Sánchez y Milei encarnan ese tipo de política dopamínica que se nutre de sucesivas descargas emocionales. Como una constante llamada a filas a través de la propaganda invasiva, la búsqueda de golpes de efecto, la vocación de viralidad y de popularidad a costa de la pauperización del discurso, y el ánimo polemizador.

Milei ofrece un caso paradigmático de cómo la desinhibición verbal, a fin de ser jaleado por sus adeptos, aboca a un cargo representativo al mamarrachismo más extemporáneo.

Hay (debiera haber) un hiato infranqueable entre un jefe de Estado y un frontman de grupo de rock. Este estilo político, además, invita a una indeseable frivolidad entre los ciudadanos, que acaban concibiendo el liderazgo como el desollamiento lúdico del rival.

Esta apreciación no equivale a darle la razón a las tesis higienistas de los custodios de las esencias liberales. Existe una razón populista que a los abogados de la política de notables se les escapa. Abogar, adversus Milei, por la recuperación del paradigma tecnocrático sería tanto como reincidir en las insuficiencias del sistema que han generado los malestares de los que el populismo es expresión.

El problema no es tanto el populismo como la demagogia. No tanto la retórica combativa y contundente como el contagio de la zafiedad y la ordinariez.

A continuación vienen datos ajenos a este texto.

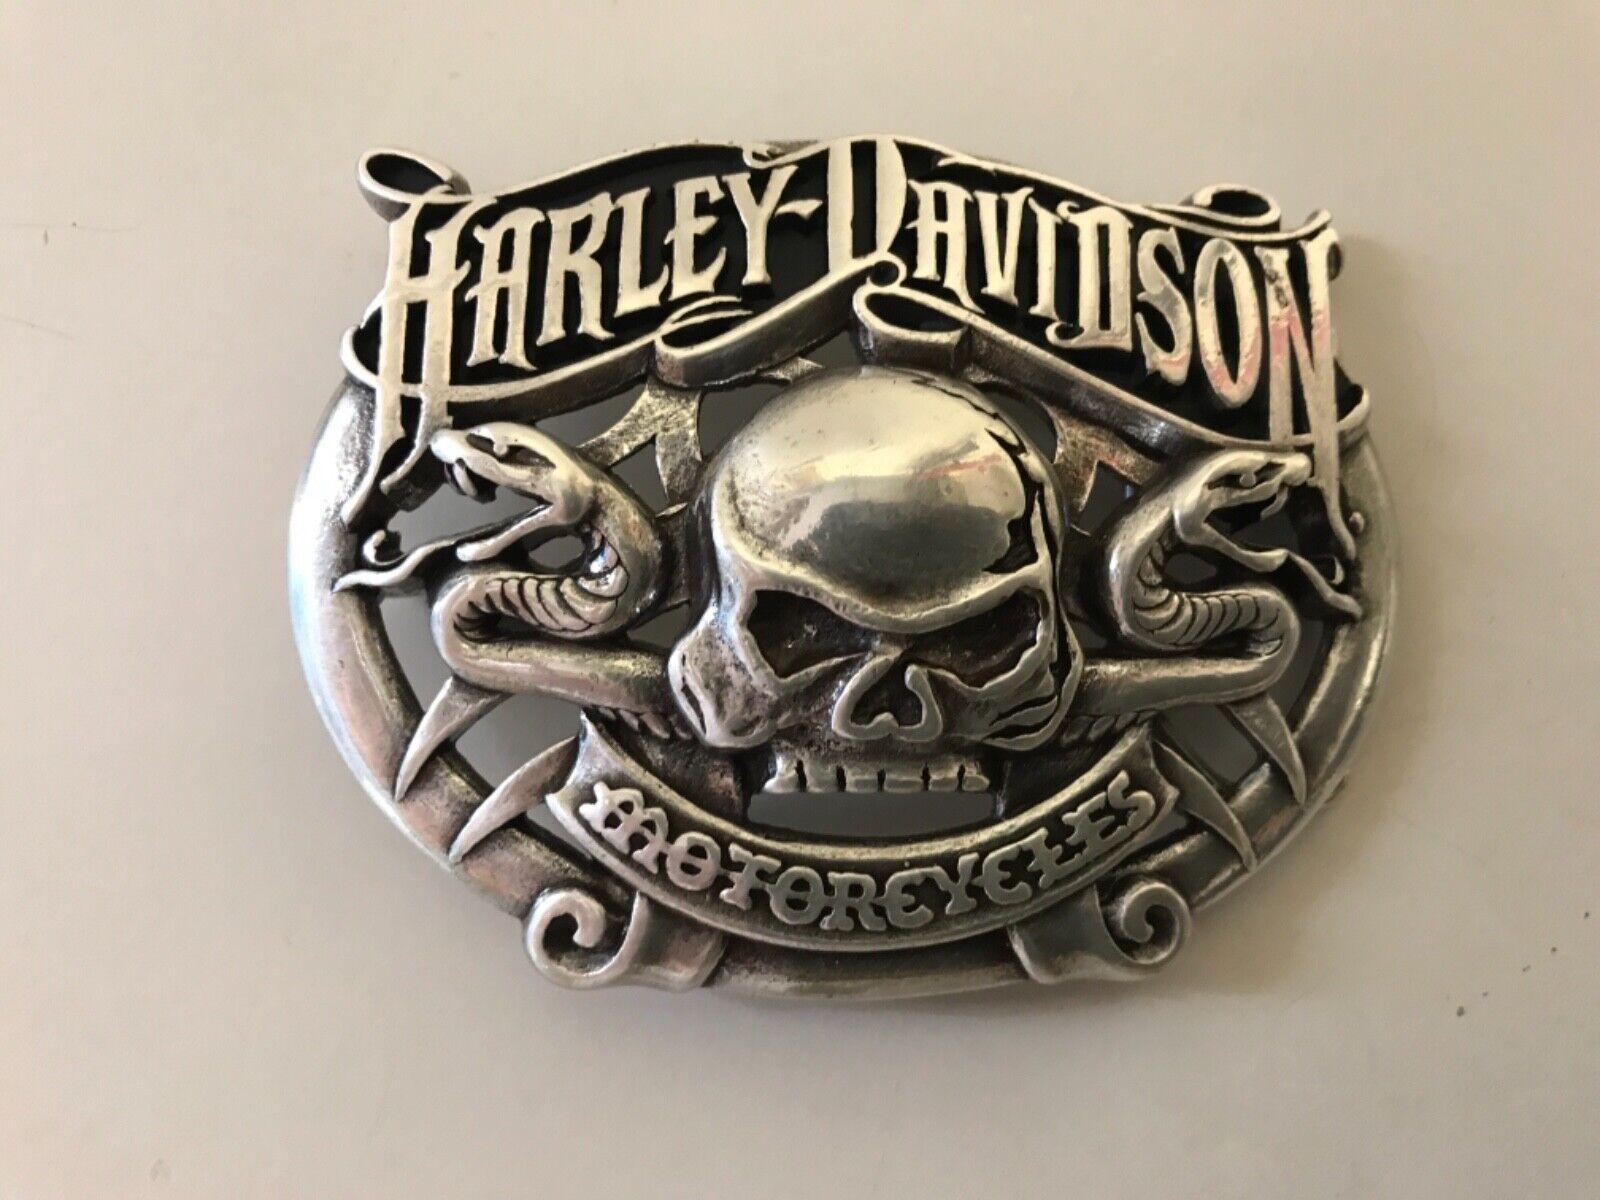 Harley-Davidson rare, men's Skull with Snakes belt buckle .Silver plaited.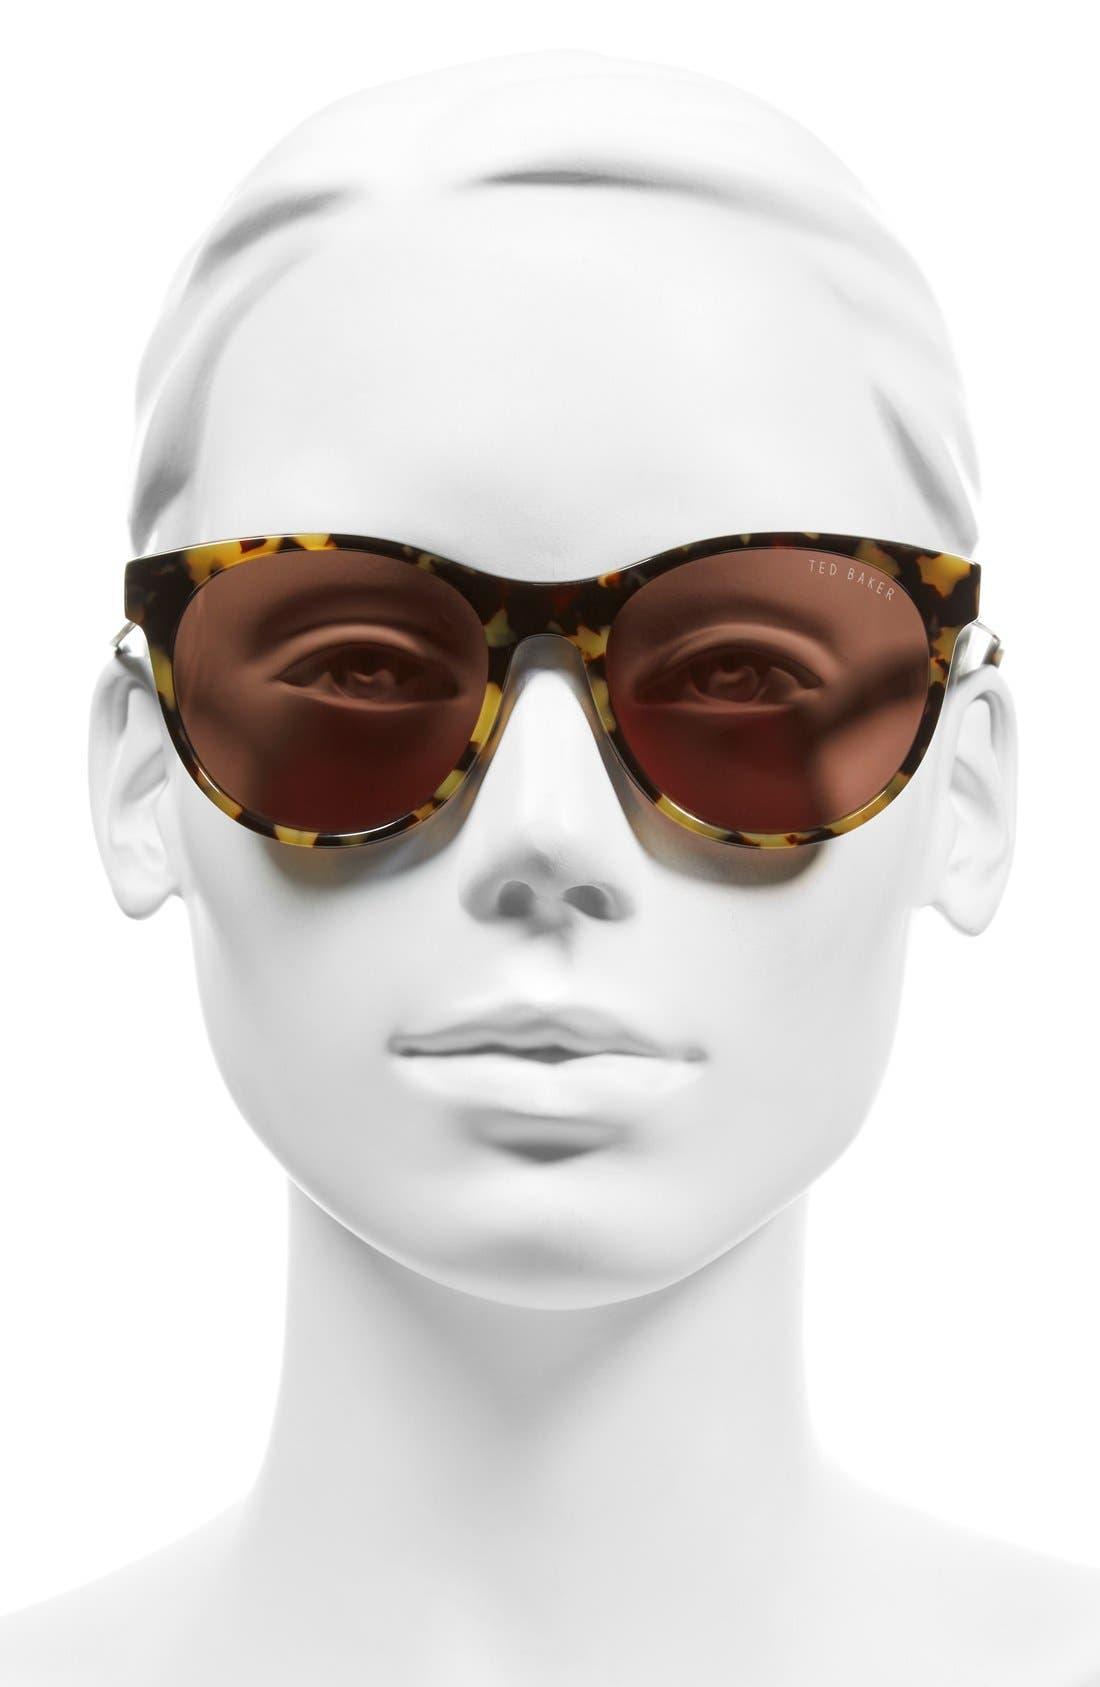 54mm Retro Sunglasses,                             Alternate thumbnail 2, color,                             Tokyo Tortoise

Rechazar la politización antipolítica que abraza el frikismo no equivale sin más a la defensa del neutralismo despolitizador. El antídoto al emotivismo imperante no es preconizar una profesionalización elitista del gobierno, en la medida en que la vida civil no se articula sobre el aséptico raciocinio, sino la inspiración de pasiones políticas elevadas y sentimientos morales virtuosos.

Lo deseable no es por tanto el regreso al marco oligárquico neoliberal del crepúsculo de las ideologías y las sociedades abiertas, sino el avance de los movimientos de inspiración comunitaria y soberanista hacia un momento pospopulista. Histriones incapacitados para la gravedad y la responsabilidad como el incontinente Milei sólo podrán ser síntomas, pero nunca remedio de la enfermedad.